There's plenty on both sides, people like Obama will make a fortune as they go on, he's going to make more money when he's not president as a 'guest speaker' and such.
But, if for some magical second people like the Rothschild's lose a grip and start to fade away, that's when Socialism may be achieved.

TheSocialistMetalhead
27th December 2013, 15:30
After a while, capitalism can only continue growing after destruction on a humongous scale (annihilating large parts of the world's economy). This is somewhat related to the cyclical scale of the system. After growth comes recession, then comes depression and then comes recovery followed by growth. The system can only support this cycle for so long: until further growth becomes nearly impossible or not sufficiently profitable for the capitalist. After this happens, you either get an economical crisis or you opt for the easy way out: you allow everything to be destroyed in a total war after which growth becomes easy and desirable again. I think someday people will realise how pointless this is and take matters into their own hands. So, if we, as socialists manage to generate enough awareness among the people who suffer the most as a result of this cycle, socialism should definitely be possible.

Wake_Robin
28th December 2013, 07:55
Even Jack London thought the revolution would take the better part of a millennium.
What is inevitable is the implosion of the capitalist system. What form the oligarchs shape our world after that is up to them, unless the great masses of people stand against them and their designs. Absent a coherent, coordinated international socialist movement, the world is theirs for the foreseeable future.

A Psychological Symphony
28th December 2013, 09:44
Nothing is inevitable and anything is possible.

Brutus
28th December 2013, 16:46
Nothing is inevitable and anything is possible.

Death is inevitable, and I can't walk on the sun.
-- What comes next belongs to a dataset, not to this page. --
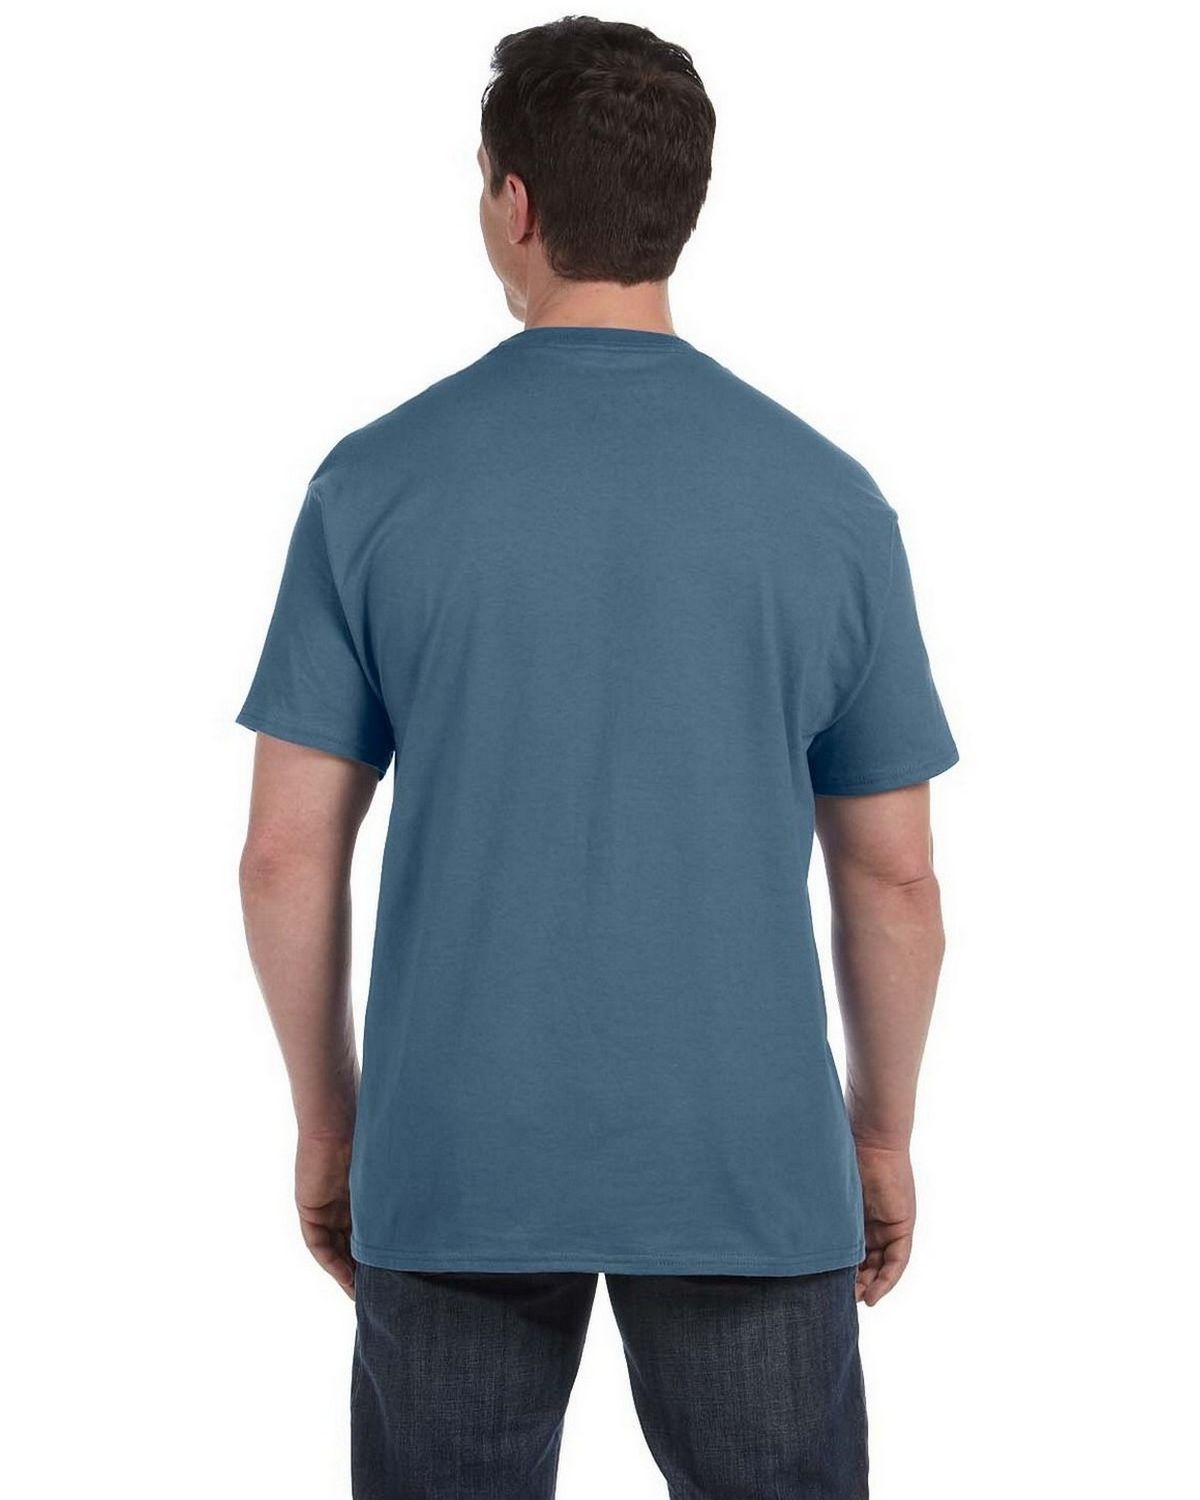 Hanes H5590 Tagless Pocket T-Shirt - ApparelnBags.com

Idealistic poppycock.

The Intransigent Faction
30th December 2013, 08:02
Socialism or Barbarism...I feel less sure every day. :(

I mean sure most or all of us here are aware of the inherent contradictions in capitalism and its unstable tendencies, blah blah blah...but the idea that they will lead to socialism seems to rest on the intensifying contradictions of capital leading to greater class consciousness. On the contrary, they seem to make some people more reactionary as the bourgeoisie ramps up its effort in the "war of position", while revolutionaries still rely heavily on the "Old Guard" in that war.

In short, it's a race against time and nobody can say for sure how much there will be left to save by the time a revolution can save it.